Failure Point 1: Database Connections: A standard Postgres database can handle ~500-1000 active connections. If 10,000 users click at once, 9,000 of them will get “Connection Refused” errors.
Failure Point 2: Write Lock Contention: Our MVP synchronously updates the analytics table on every click (UPDATE analytics SET clicks = clicks + 1). This locks the row. If 1,000 users click the same link simultaneously, they form a queue, waiting for the lock. This causes the API to hang and eventually time out.

B. The CAP Theorem Checklist

According to the CAP Theorem, a distributed data store can effectively provide only two of the following three guarantees: Consistency, Availability, and Partition Tolerance.

Our MVP Analysis:

Consistency (C): Strong. We read directly from the Postgres master. Users always see the latest data.
Availability (A): Weak. If the single Postgres instance goes down (maintenance or crash), the entire system stops. We have 0% availability during outages.
Partition Tolerance (P): None. We live in a single data center. If the network to us-east-1 has issues, the application fails.

The Verdict: Ideally, a URL shortener should prioritize Availability (A) and Partition Tolerance (P). If a user creates a link, it’s okay if it takes 1 second to become visible globally (Eventual Consistency), but it is not okay if the service is down. Our MVP makes the wrong trade-off by prioritizing Consistency over Availability.

C. Latency Analysis

Let’s break down the “Hot Path” (Redirect) latency in our MVP.

Step	Time Cost	Notes
Network (User ↔ Server)	20-300ms	Depends on user location vs `us-east-1`
SSL Handshake	50-100ms	Occurs once per connection
DB Connection Checkout	5-10ms	Limited pool size
Query `links` table	10ms	Fast index lookup
Write Analytics	30-50ms	The silent killer (Synchronous write)
Total Server Processing	~60ms
Total User Wait	80-500ms	Acceptable? Barely. Good? No. of which 50% is creating analytics.

Conclusion: The synchronous write for analytics doubles our server-side latency.

2. Proposed Improvements (Standard Solutions)

To fix these issues, we need to introduce standard distributed system patterns.
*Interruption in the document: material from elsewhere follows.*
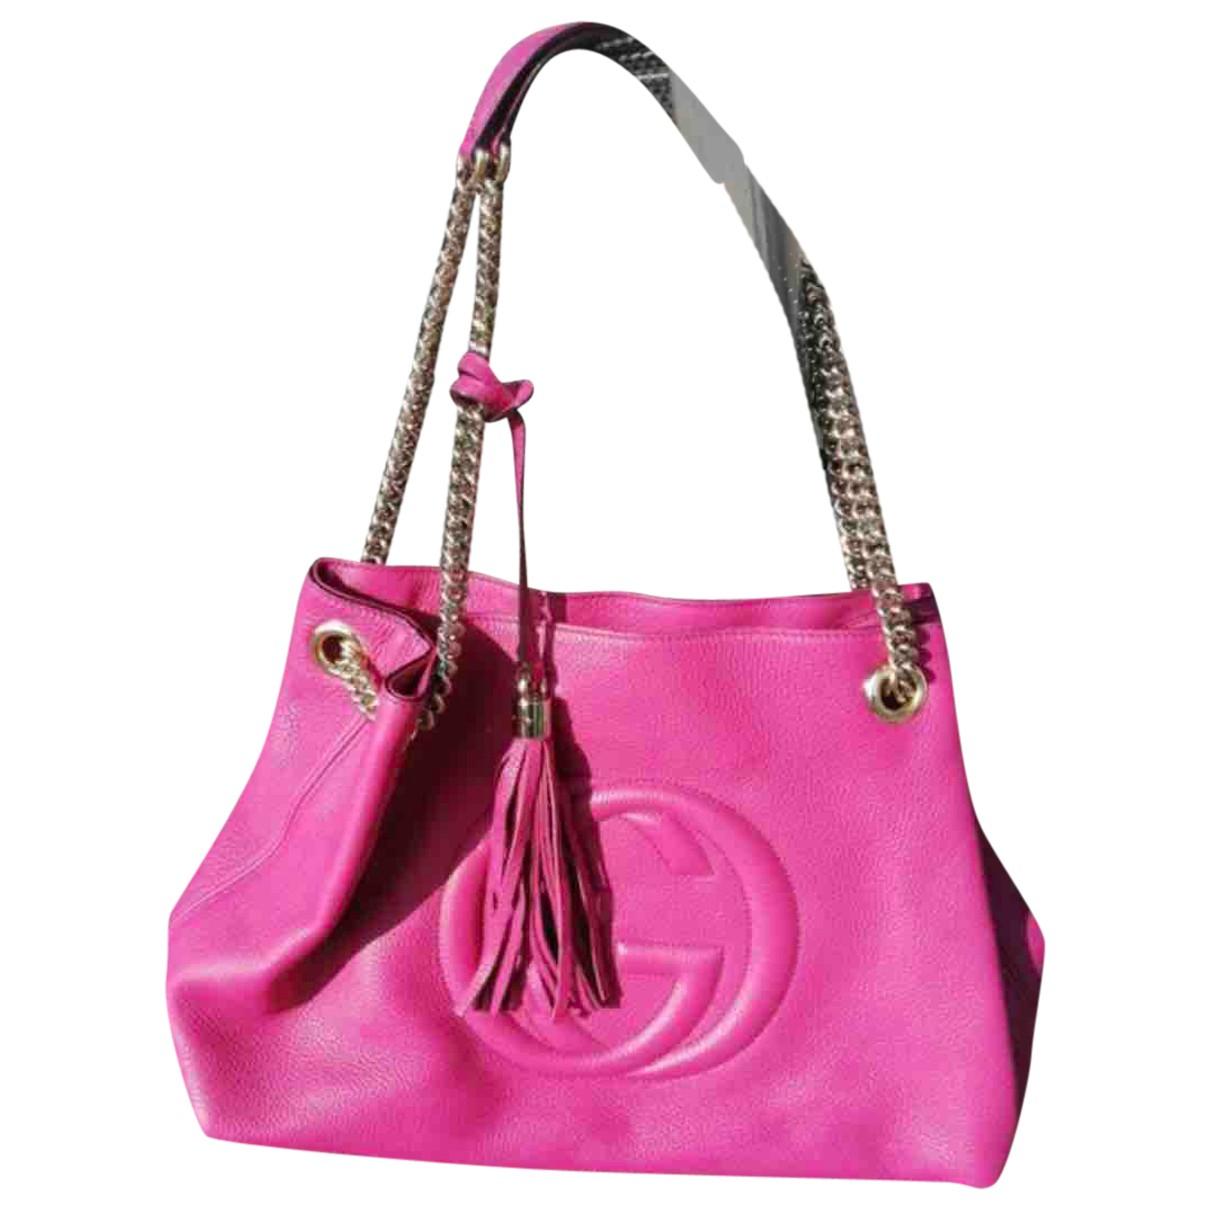 Gucci Soho Handtasche in  Rosa Leder

Improvement 1: Cache-Aside Pattern (Speed)

Problem: Reading from the database every time is slow and unscalable. Solution: Introduce a distributed cache like Redis.

Read Path: API checks Redis first.
- Hit: Return immediately (~1ms).
- Miss: Read from DB, store in Redis, return.
Write Path: When a link is created/deleted, update DB first, then invalidate/update Redis.

Benefit:

Reduces DB load by 90-99%.
Reduces latency to sub-millisecond for hot links.
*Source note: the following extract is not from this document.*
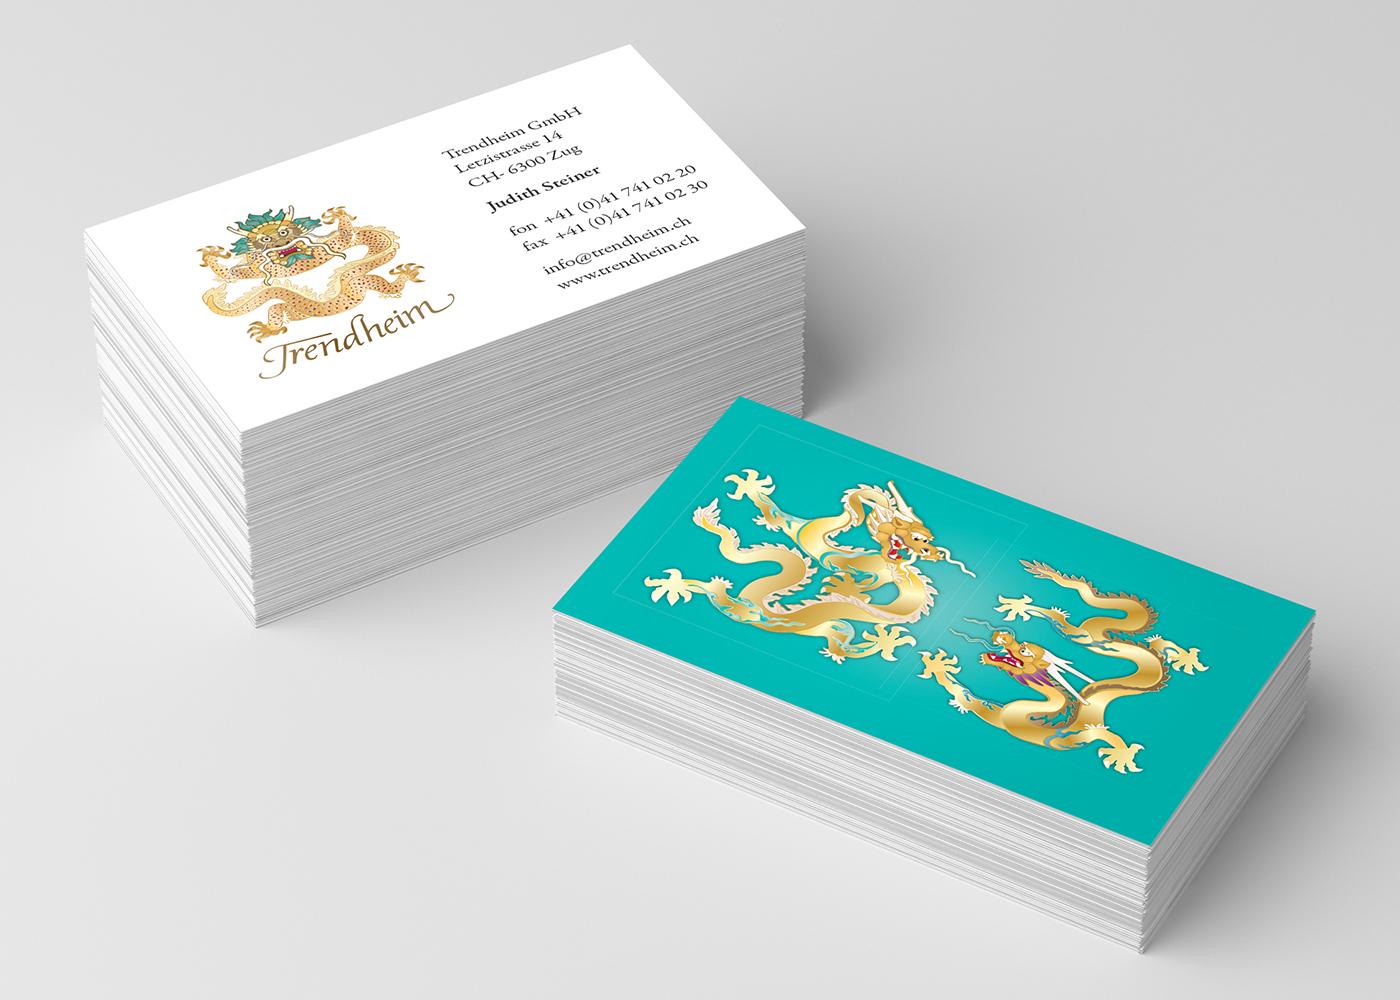 Visitenkarten Druck Design Gestaltung Erstellung Entwurf

Improvement 2: Asynchronous Processing (Throughput)

Problem: Writing analytics synchronously blocks the user. Solution: Use a Message Queue (e.g., Kafka, RabbitMQ) for “Fire and Forget”.

New Flow:
- User clicks link.
- API looks up URL (Cache/DB).
- API publishes a message {"code": "abc", "time": "12:00"} to a queue.
- API returns 301 Redirect immediately.
Background Worker: A separate service reads from the queue and updates the database in batches (e.g., update 100 clicks in one SQL query).

Benefit:

Removes “Write Analytics” time from the user’s wait.
Protects the database from write spikes (the queue acts as a buffer).

Improvement 3: Database Sharding (Scale)

Problem: One database cannot store billions of links or handle 100k writes/sec. Solution: Partition the data across multiple database servers.

Strategy: Hash-based sharding on short_code.
Logic: Shard_ID = hash(short_code) % Number_of_Nodes.
Users with code a go to DB_1, users with code b go to DB_2.

Benefit:

Linear scalability. To handle 2x traffic, add 2x nodes.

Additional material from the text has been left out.